The death of Cosmo, whose liberality had given him both affluence and leisure, threatened Galileo with pecuniary difficulties. He had been involved in a "great load of debt," owing to the circumstances of his brother's family; and, in order to relieve himself, he had requested Castelli to dispose of the pension of his son Vincenzo. In addition to this calamity he was now alarmed at the prospect of losing his salary as an extraordinary professor at Pisa. The great youth of Ferdinand, who was scarcely of age, induced Galileo's enemies, in 1629, to raise doubts respecting the payment of a salary to a professor who neither resided nor lectured in the university; but the question was decided in his favour, and we have no doubt that the decision was facilitated by the friendly recommendation of the Pope, to which we have already referred.

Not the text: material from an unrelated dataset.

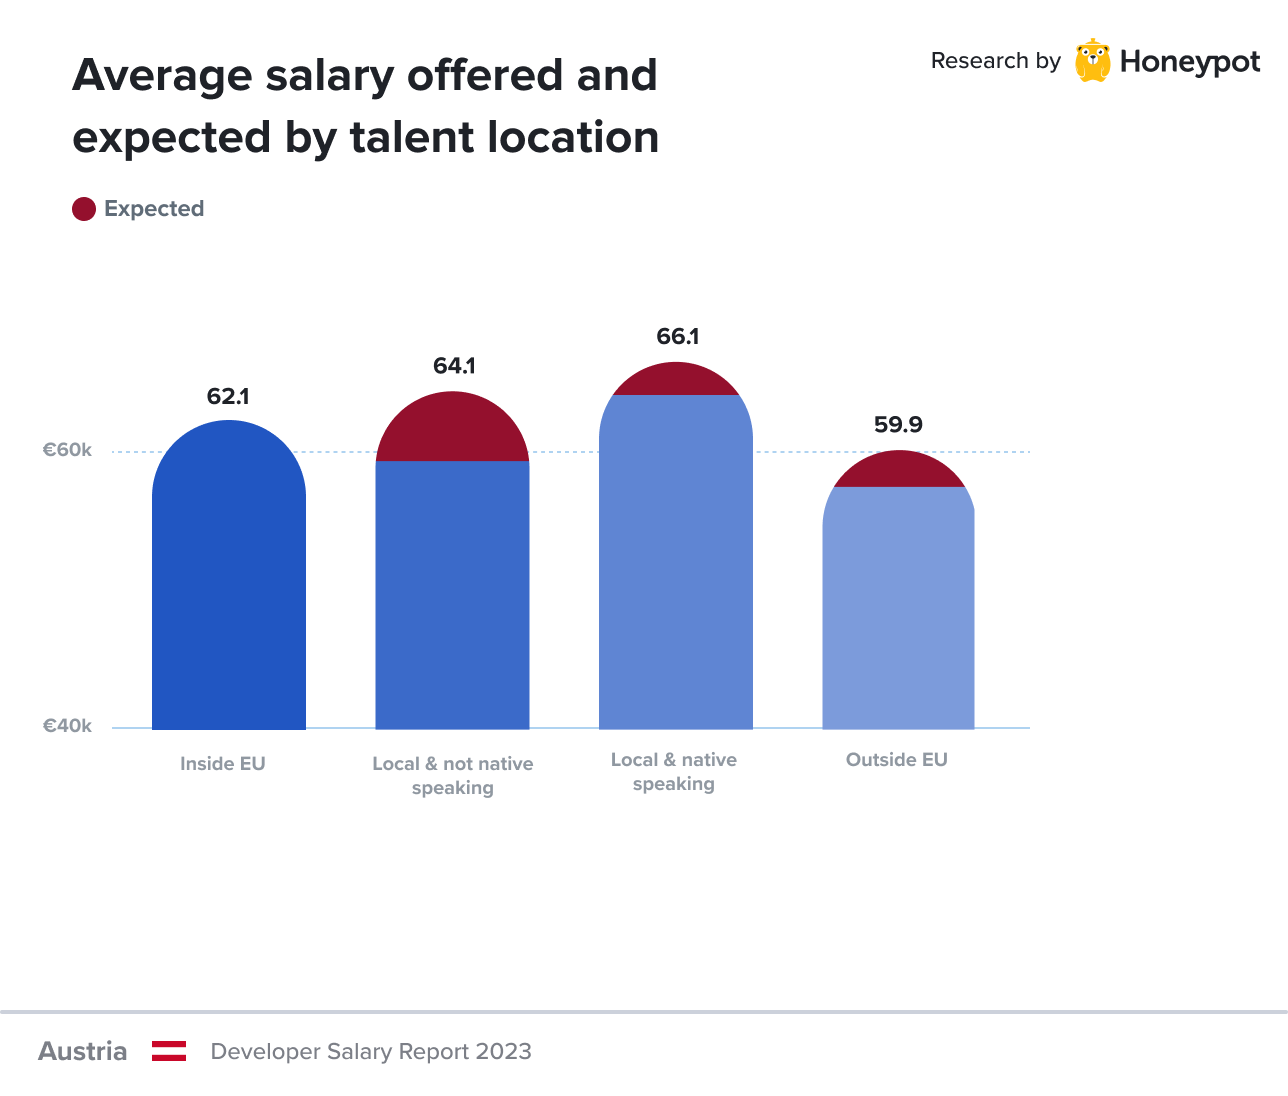 Austria – Average salary offered vs. expected by talent location

Although Galileo had made a narrow escape from the grasp of the Inquisition, yet he was never sufficiently sensible of the lenity which he experienced. When he left Rome in 1616, under the solemn pledge of never again teaching the obnoxious doctrine, it was with a hostility against the church, suppressed but deeply cherished; and his resolution to propagate the heresy seems to have been coeval with the vow by which he renounced it. In the year 1618, when he communicated his theory of the tides to the Archduke Leopold, he alludes in the most sarcastic manner to the conduct of the church. The same hostile tone, more or less, pervaded all his writings, and, while he laboured to sharpen the edge of his satire, he endeavoured to guard himself against its effects, by an affectation of the humblest deference to the decisions of theology. Had Galileo stood alone, his devotion to science might have withdrawn him from so hopeless a contest; but he was spurred on by the violence of a party. The Lyncaean Academy never scrupled to summon him from his researches. They placed him in the forlorn hope of their combat, and he at last fell a victim to the rashness of his friends.

But whatever allowance we may make for the ardour of Galileo's temper, and the peculiarity of his position; and however we may justify and even approve of his past conduct, his visit to Urban VIII., in 1624, placed him in a new relation to the church, which demanded on his part a new and corresponding demeanour. The noble and generous reception which he met with from Urban, and the liberal declaration of Cardinal Hohenzoller on the subject of the Copernican system, should have been regarded as expressions of regret for the past, and offers of conciliation for the future. Thus honoured by the head of the church, and befriended by its dignitaries, Galileo must have felt himself secure against the indignities of its lesser functionaries, and in the possession of the fullest license to prosecute his researches and publish his discoveries, provided he avoided that dogma of the church which, even in the present day, it has not ventured to renounce. But Galileo was bound to the Romish hierarchy by even stronger ties. His son and himself were pensioners of the church, and, having accepted of its alms, they owed to it, at least, a decent and respectful allegiance. The pension thus given by Urban was not a remuneration which sovereigns sometimes award to the services of their subjects. Galileo was a foreigner at Rome. The sovereign of the papal state owed him no obligation; and hence we must regard the pension of Galileo as a donation from the Roman Pontiff to science itself, and as a declaration to the Christian world that religion was not jealous of philosophy, and that the church of Rome was willing to respect and foster even the genius of its enemies.